* **YOUR ASSIGNMENT**
When you copy the material below, keep every line exact and omit the pictures.

* **THE DATA**
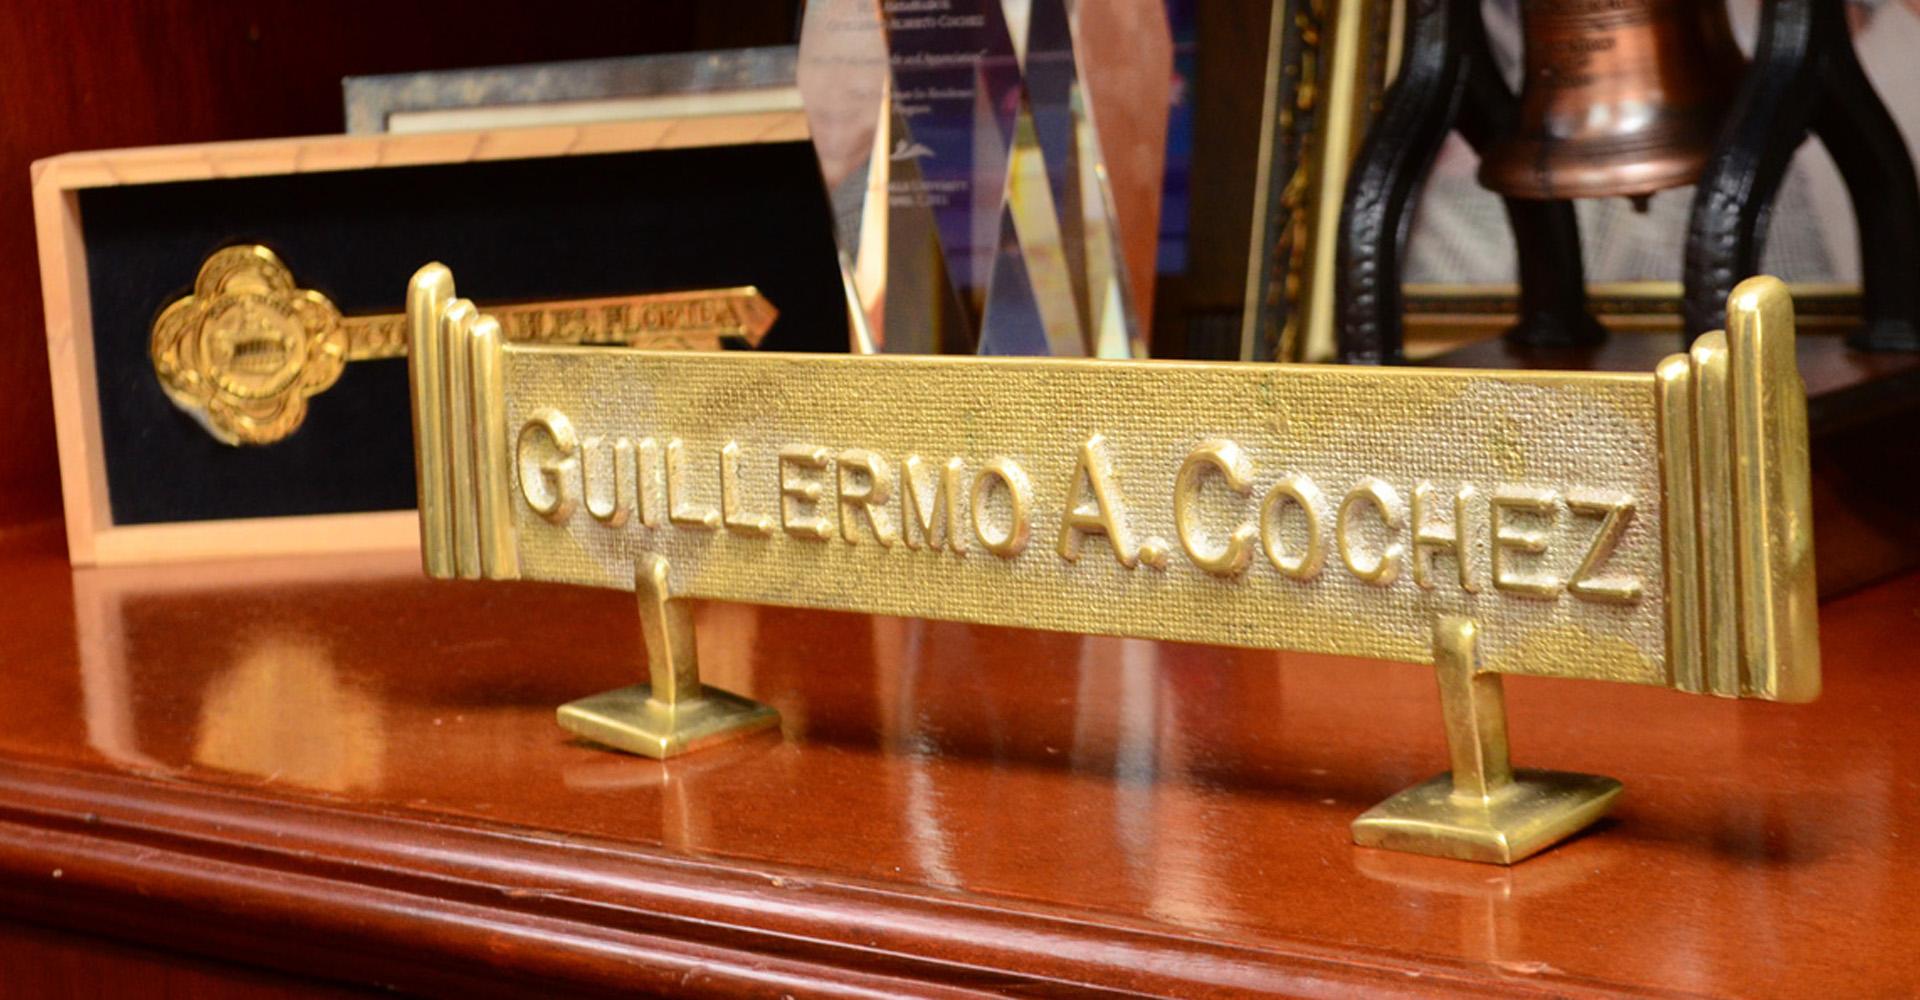 guillermocochez_6383-1920x1000
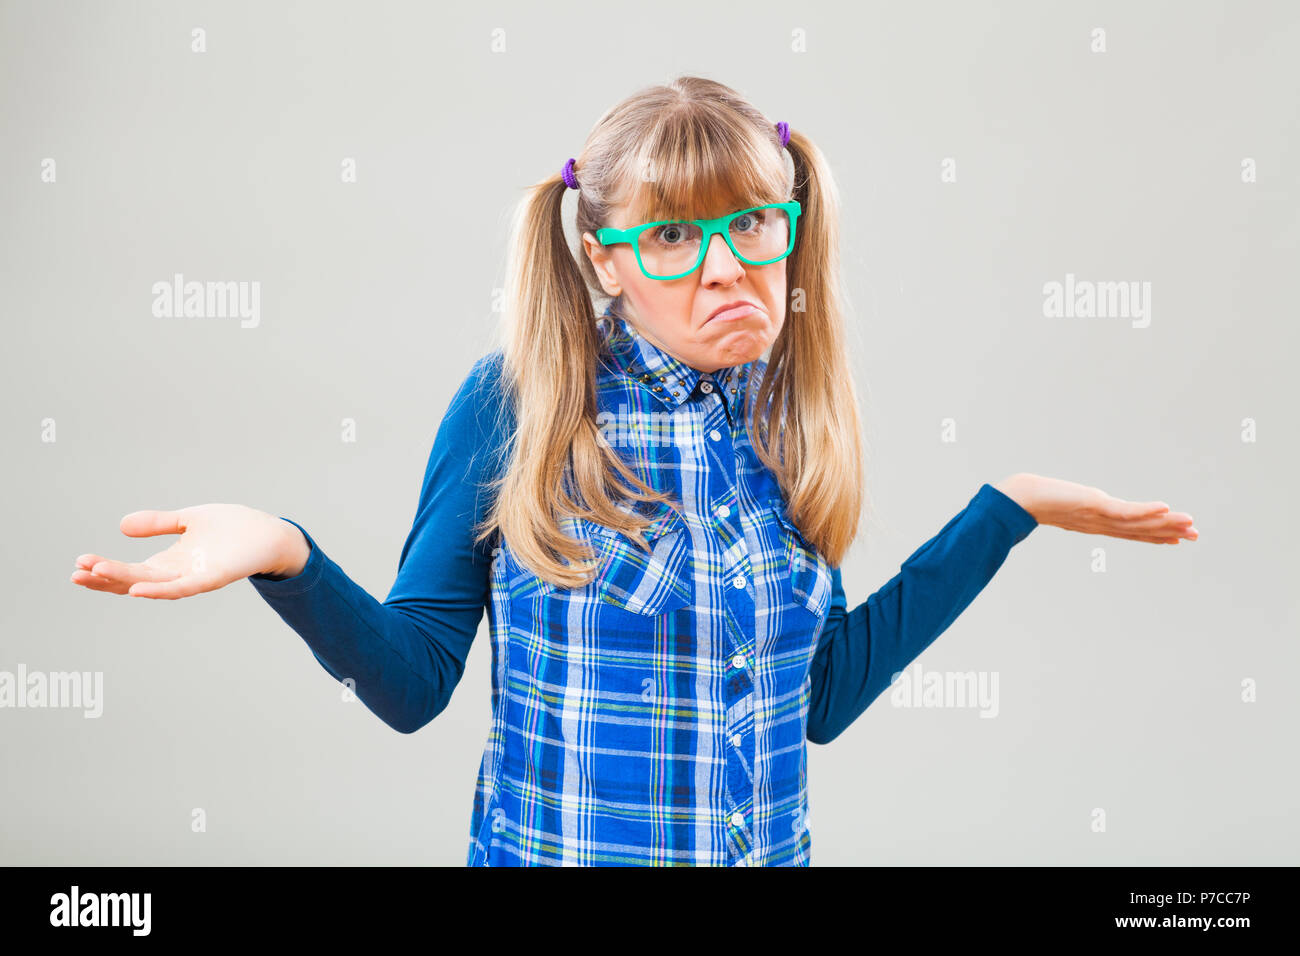 Studio shot portrait of confused nerdy woman - Stock Image
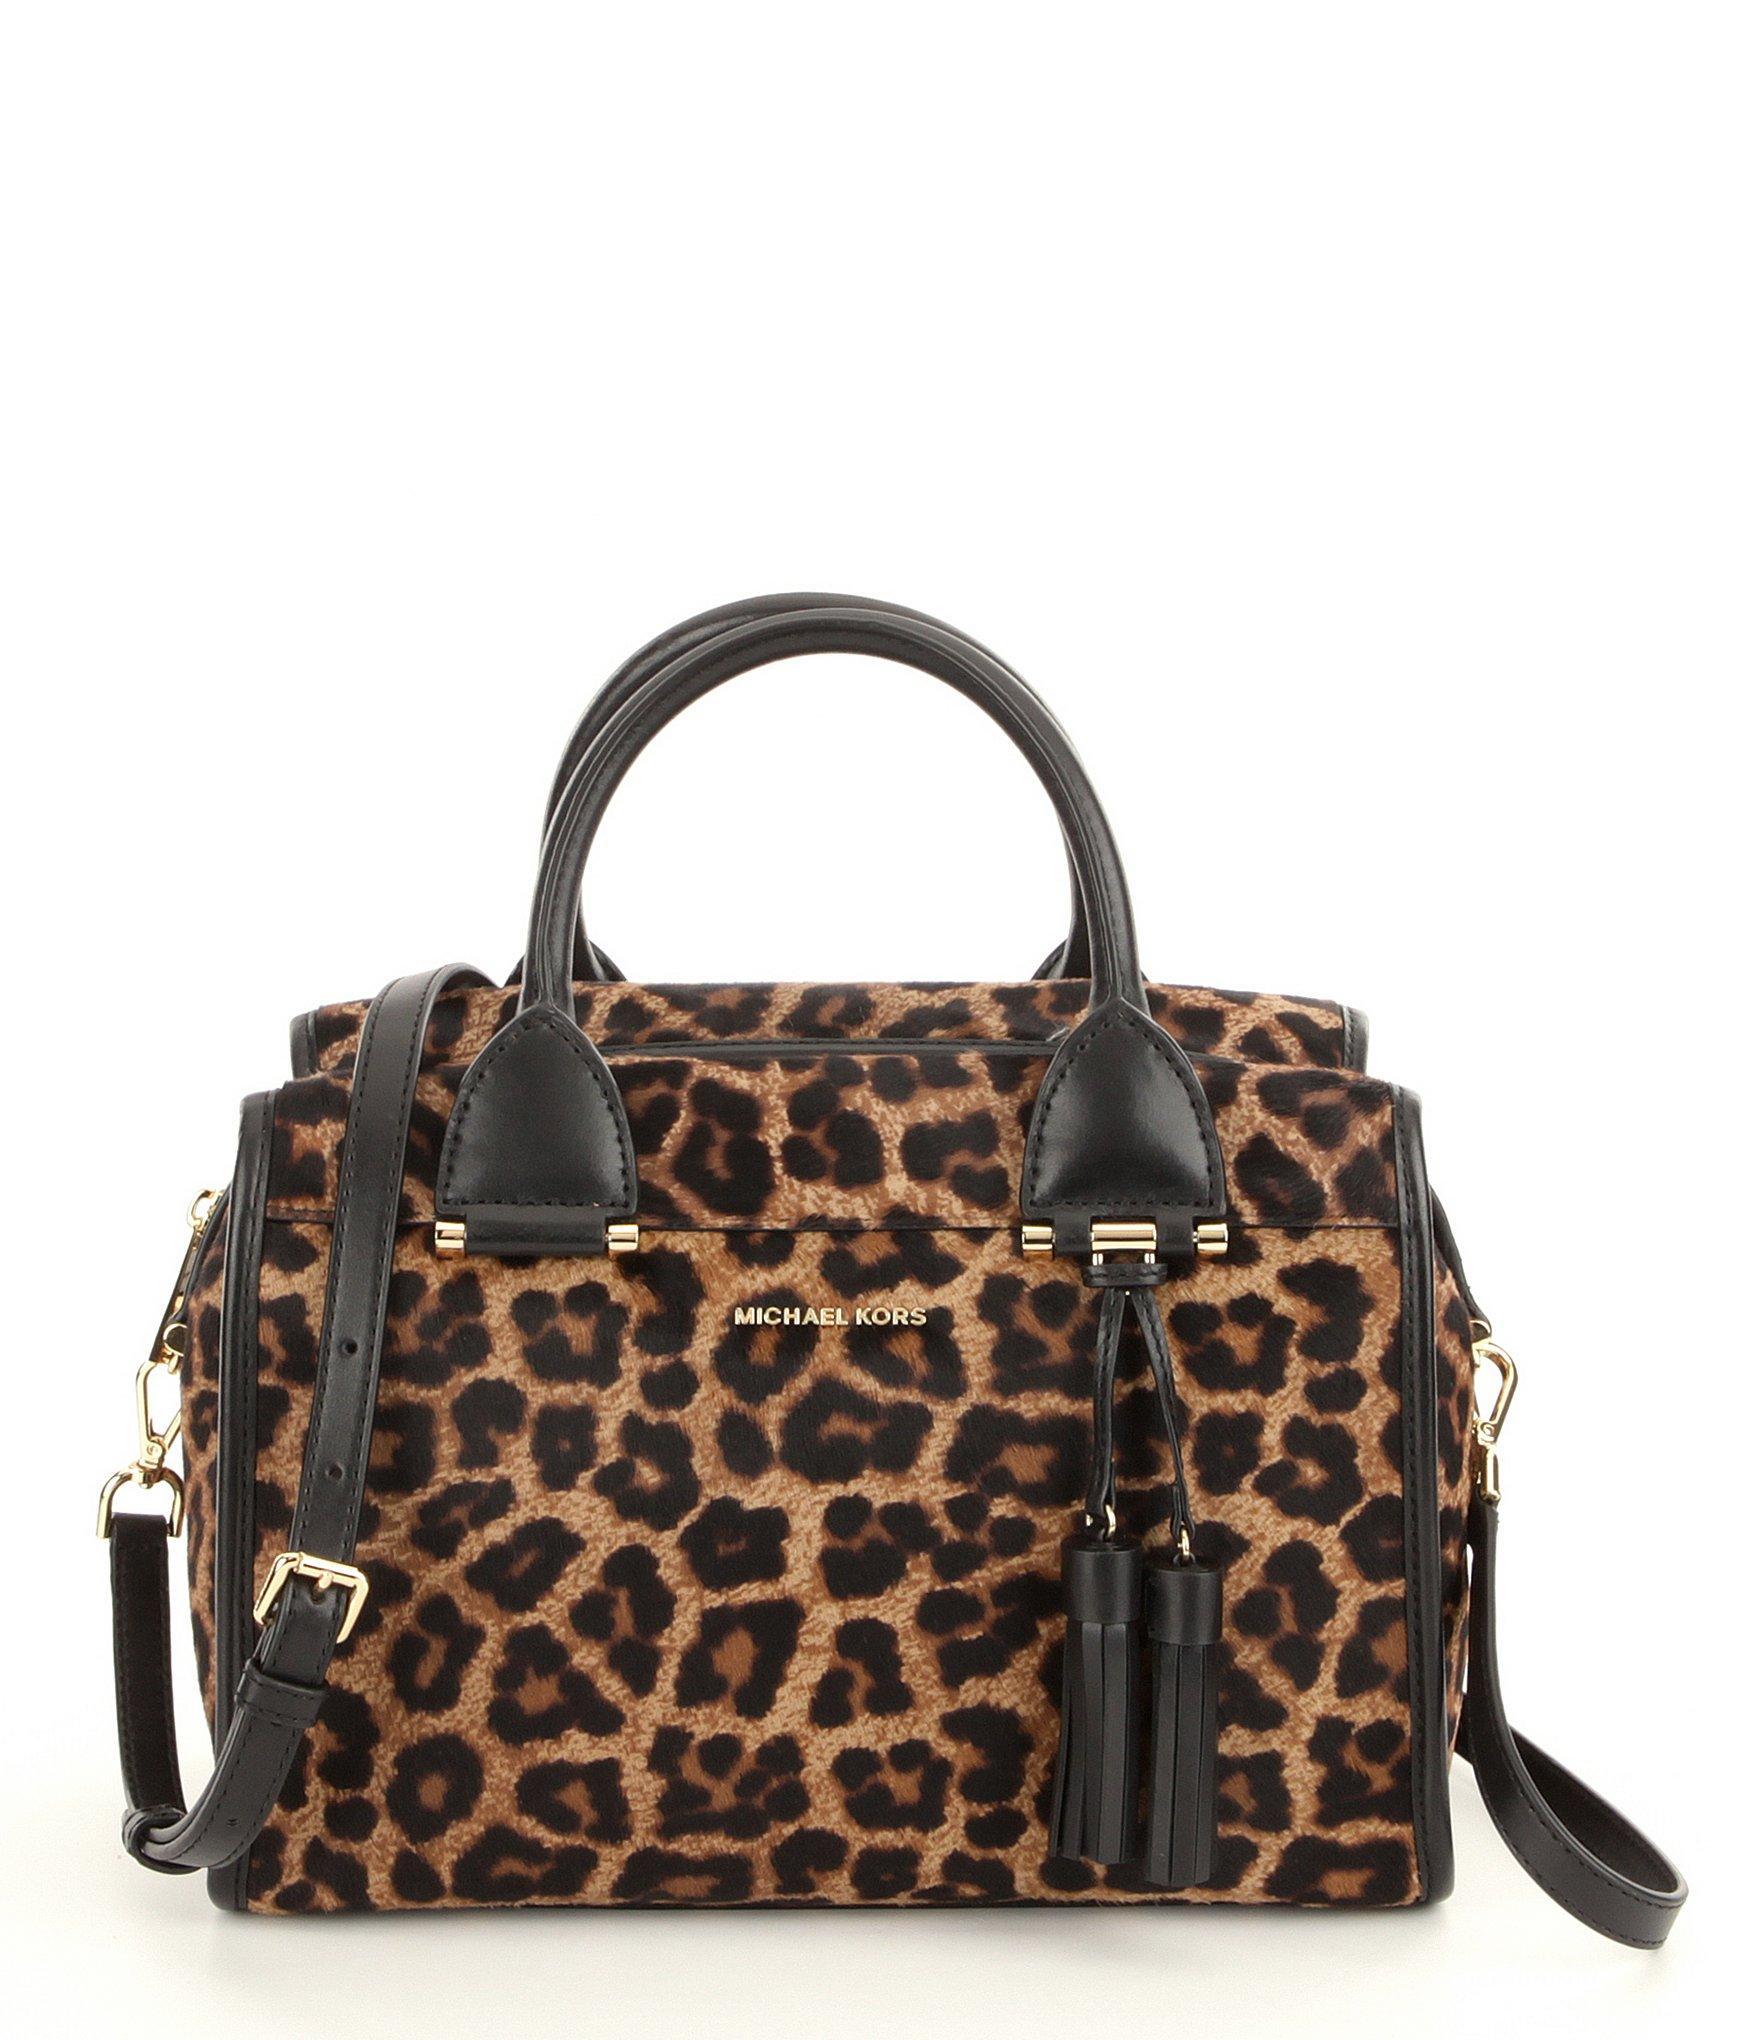 6c2bbbf2629c74 ... Black Cheetah Michael Kors Bag: Michael Michael Kors Geneva Tasseled  Leopard-print

* **WRITTEN RESPONSE**
 guillermocochez_6383-1920x1000
 Studio shot portrait of confused nerdy woman - Stock Image
 6c2bbbf2629c74 ... Black Cheetah Michael Kors Bag: Michael Michael Kors Geneva Tasseled  Leopard-print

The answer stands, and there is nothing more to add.